Cut to 2005, and before you can say “Expelliarmus”, Harry is zooming back into your life today, riding piggyback on the sixth book of the series, Harry Potter and the Half-Blood Prince. His adolescent scowl is firmly in place and his trademark Firebolt broom leaves behind a trail of sparks in the face of this media glare. But, mind you, this is not Harry Potter, the boy wizard you saw back then. Harry Potter the Teen Phenomenon would be more like it.
Firstly, this Harry is not someone you, or even Snape, can kid around with. Even the great Albus Dumbledore, Order of Merlin, headmaster of Hogwarts etc., etc. got a taste of Harry’s newly-acquired temper towards the end of Order of the Phoenix. And if that was any indication, Harry has indeed blossomed into the perfect teenager ? getting angry at the drop of a hat, rowing with friends and generally frothing at the mouth at the slightest possible opportunity.
And when, pray, did this change take place? Some are blaming a lady called J.K. Rowling for it, but the truth is that all this anger had been building up inside him for some time now. Just as in a bad case of acne, it broke out suddenly after Harry’s schoolmate, Cedric, was killed by the evil dark wizard, Lord Voldemort. According to Rowling, one more character will kick the bucket in the new book and there is every chance Harry will strut and fret his hour upon the page for some more time to come ? whatever fans might have to say.

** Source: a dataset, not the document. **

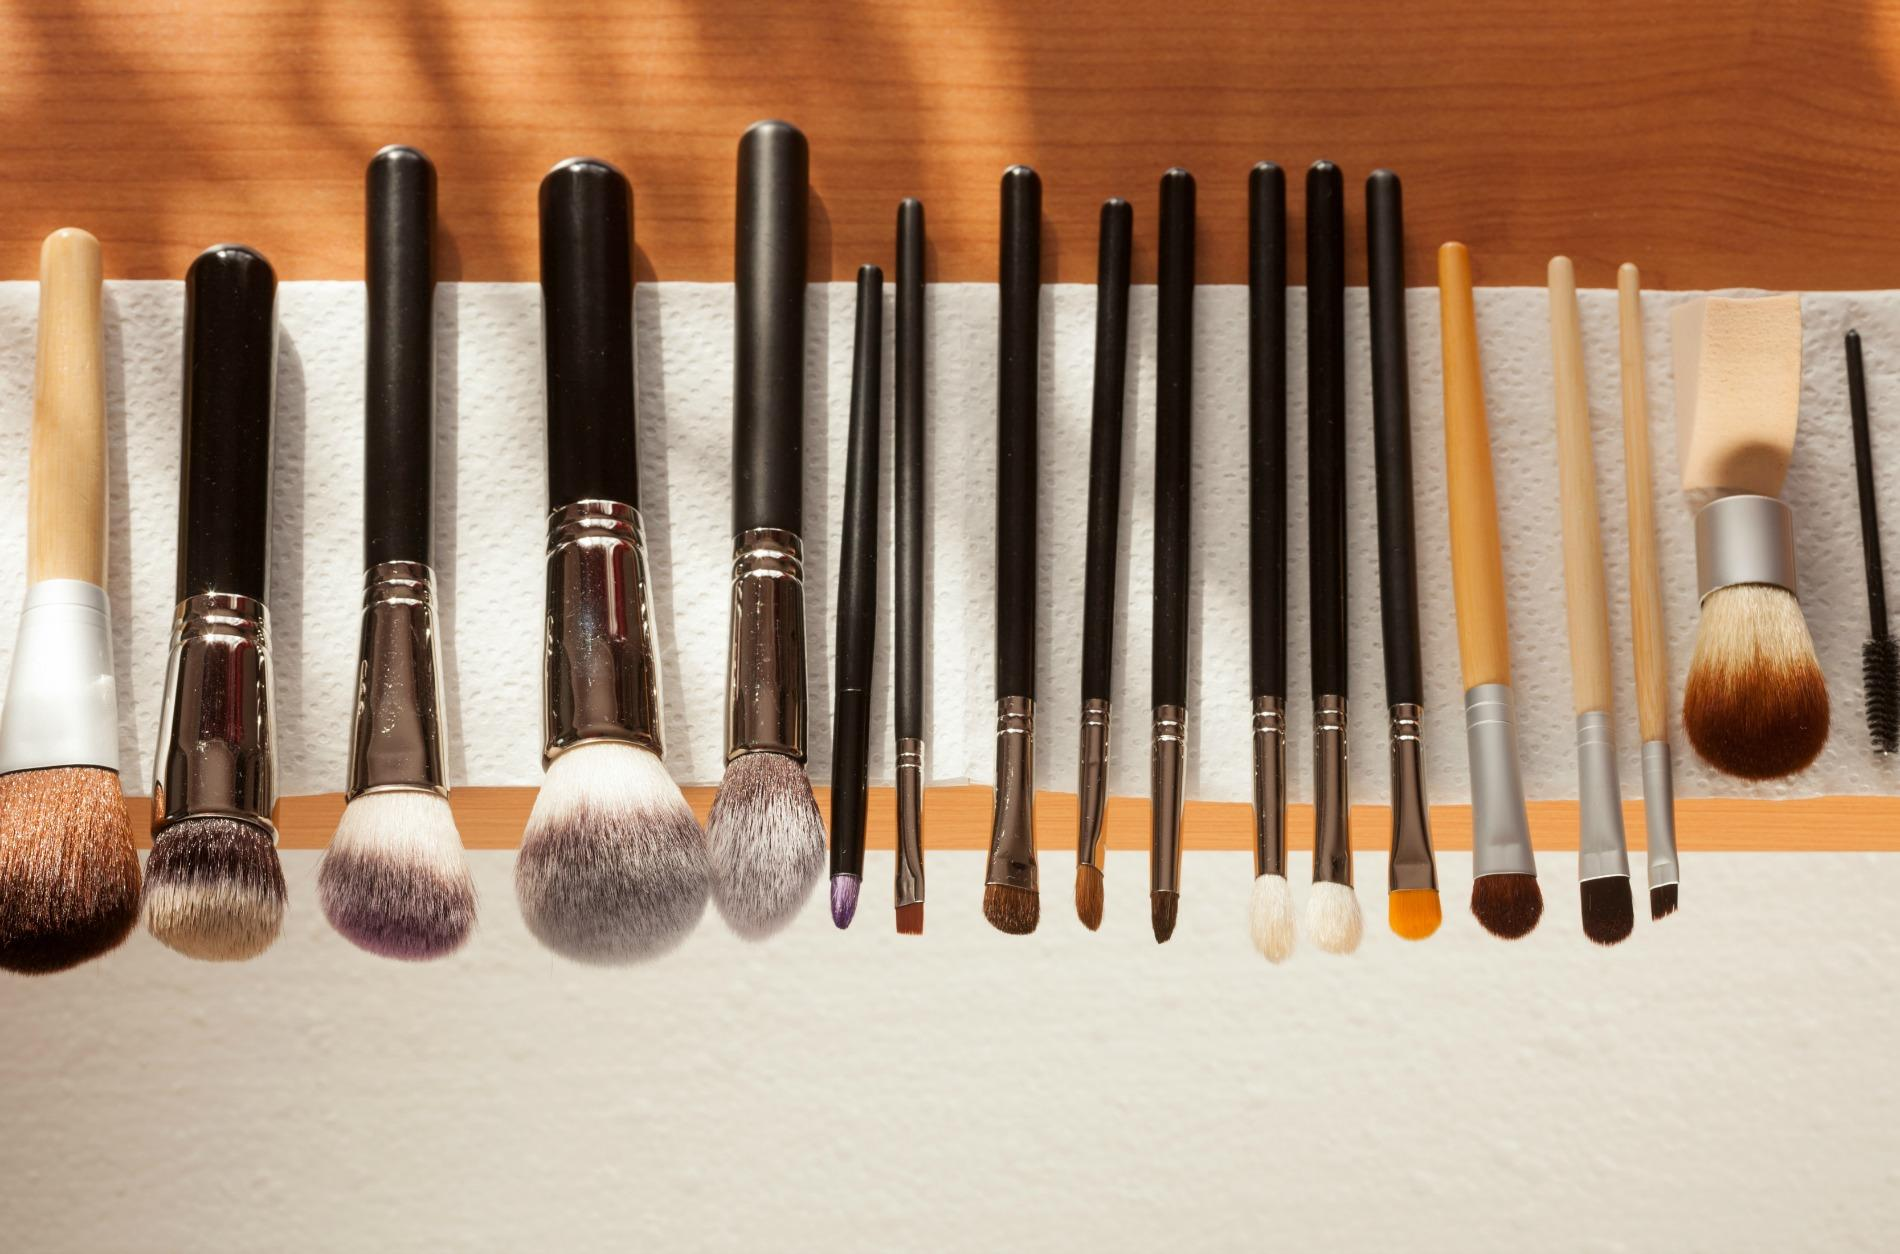 comment nettoyer ses pinceaux de maquillage madame figaro. Black Bedroom Furniture Sets. Home Design Ideas

That is what the Great Debate is all about. Some think the change is quite all right, but many Pottermaniacs across the world and the Web are quite miffed about it. Florence Walker, an avid fan at 16, writes on a website: “Rowling’s efforts to make Harry an angry adolescent feel forced. I’m looking forward to Half-Blood Prince but I hope his teen tantrums are a thing of the past ? I’ve got enough angst of my own.”
But then, fans of Harry had every reason to feel let down by the last book ? after all, Harry’s charm was in his boy-next-door image. He was always the quintessential underdog ? a lonely orphan, bullied and neglected by his aunt’s family. He was also terribly lonely ? without any hope for friendship in this world. Or that’s what he thought for the first 10 years of his life.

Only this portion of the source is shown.